Saved data entries
- - -
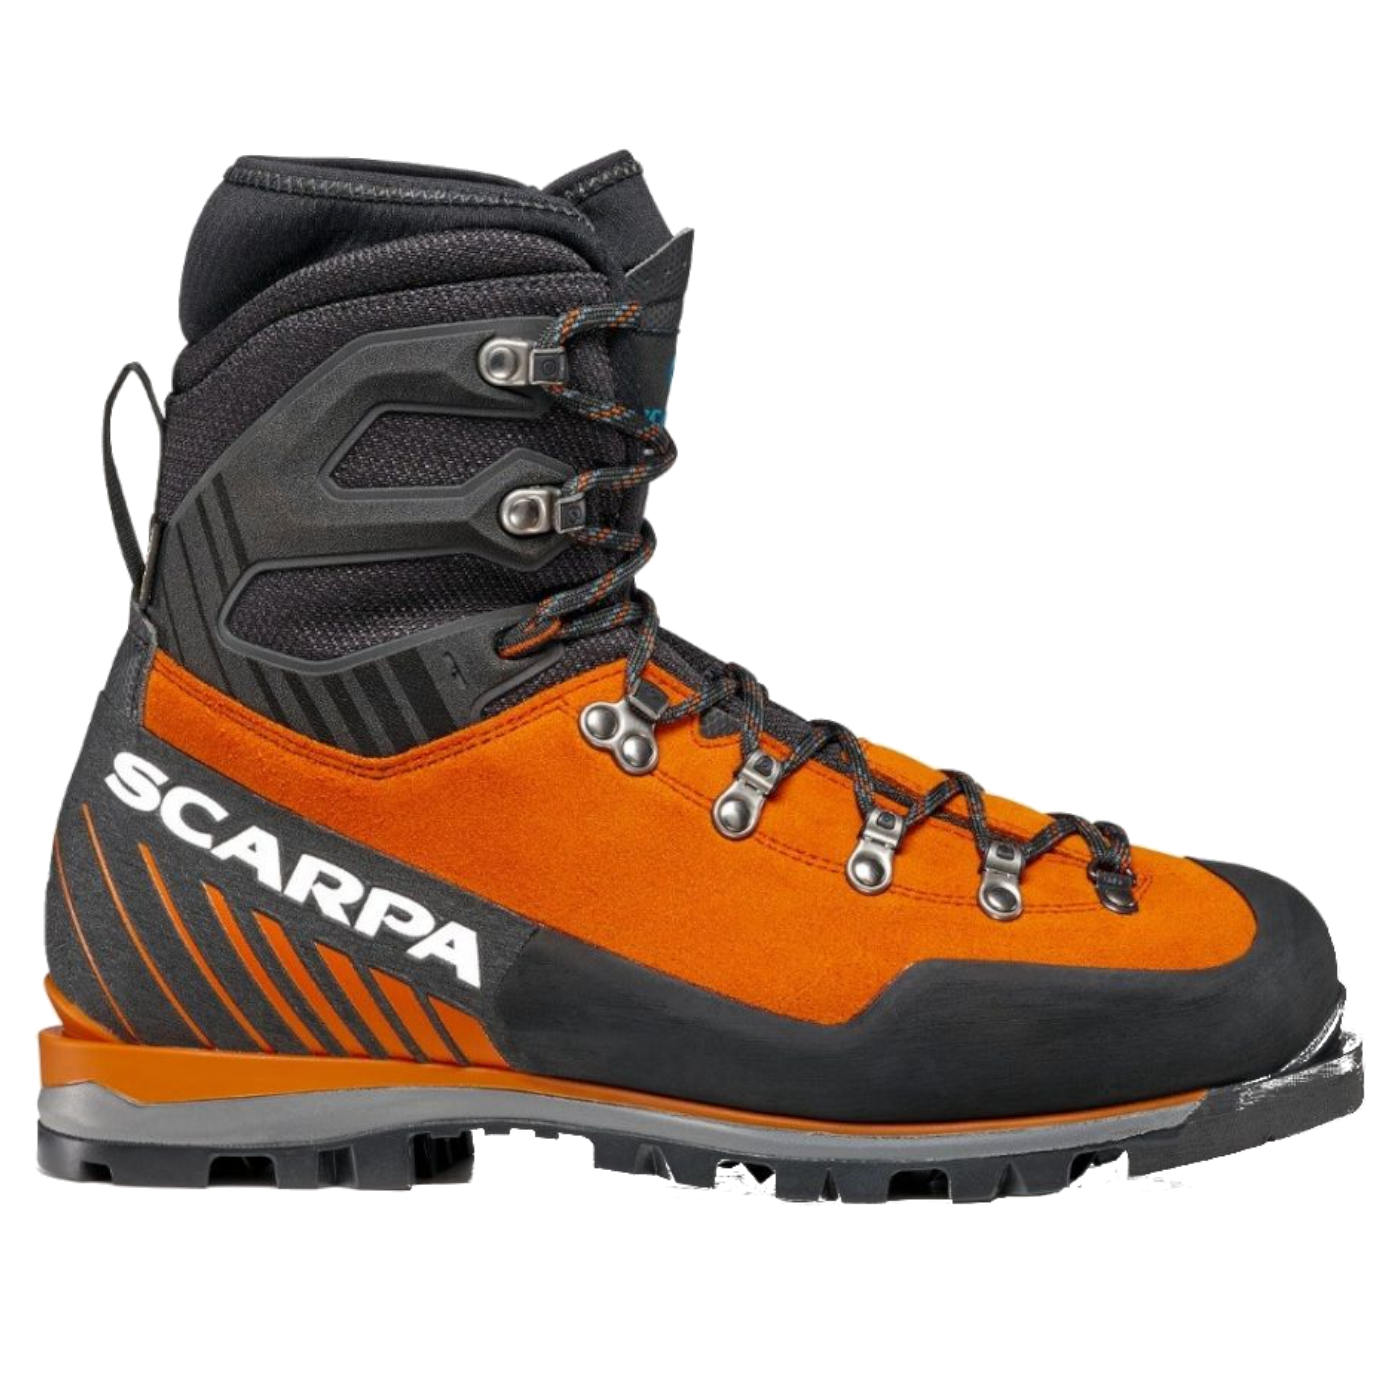 Scarpa Mont Blanc Pro GTX Size 42 Mountaineering Boot
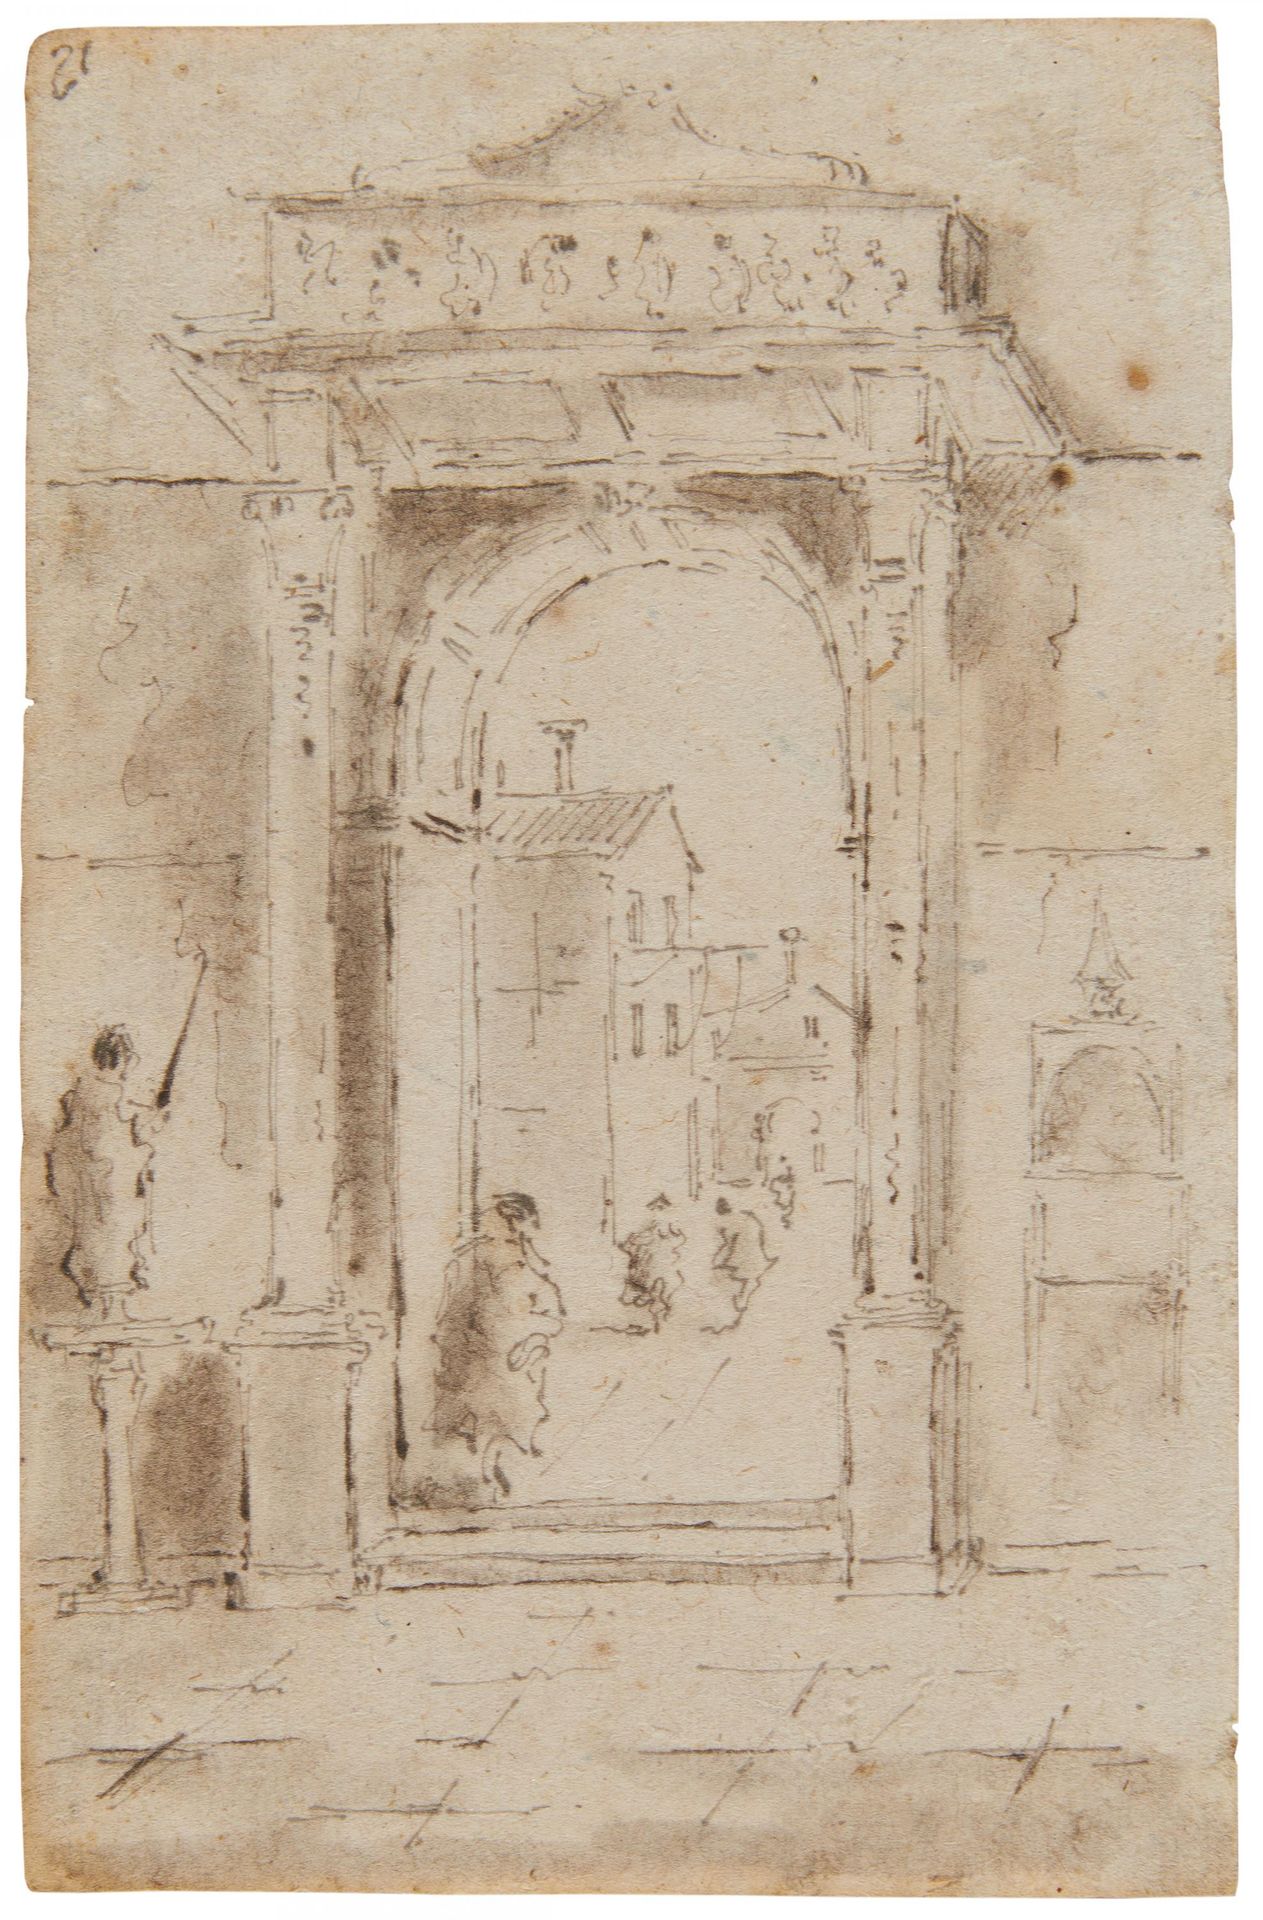 Venezianische Schule VENEZIAN SCHOOL
18世纪。
题目： 有大型门拱的城市景观。
Technique: 纸上水彩笔墨画（明信&hellip;
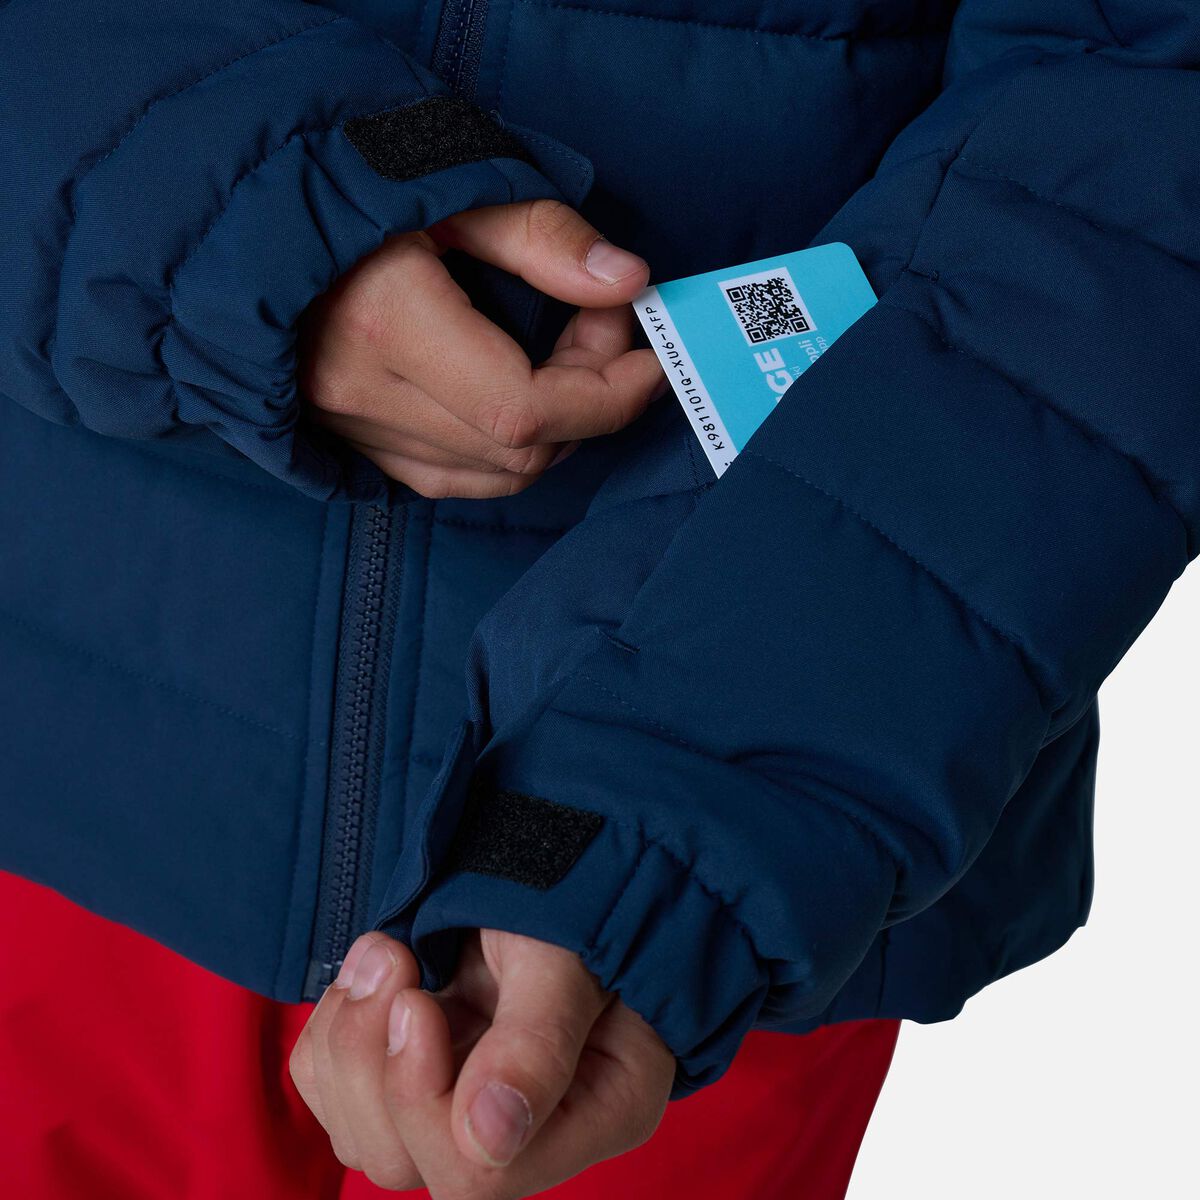 Rossignol Boys' Rapide Ski Jacket blue
- - -
Problem to solve = All of the data above needs to be retyped exactly, with the pictures removed.

Output of the exercise =
 Scarpa Mont Blanc Pro GTX Size 42 Mountaineering Boot
 Venezianische Schule VENEZIAN SCHOOL
18世纪。
题目： 有大型门拱的城市景观。
Technique: 纸上水彩笔墨画（明信&hellip;
 Rossignol Boys' Rapide Ski Jacket blue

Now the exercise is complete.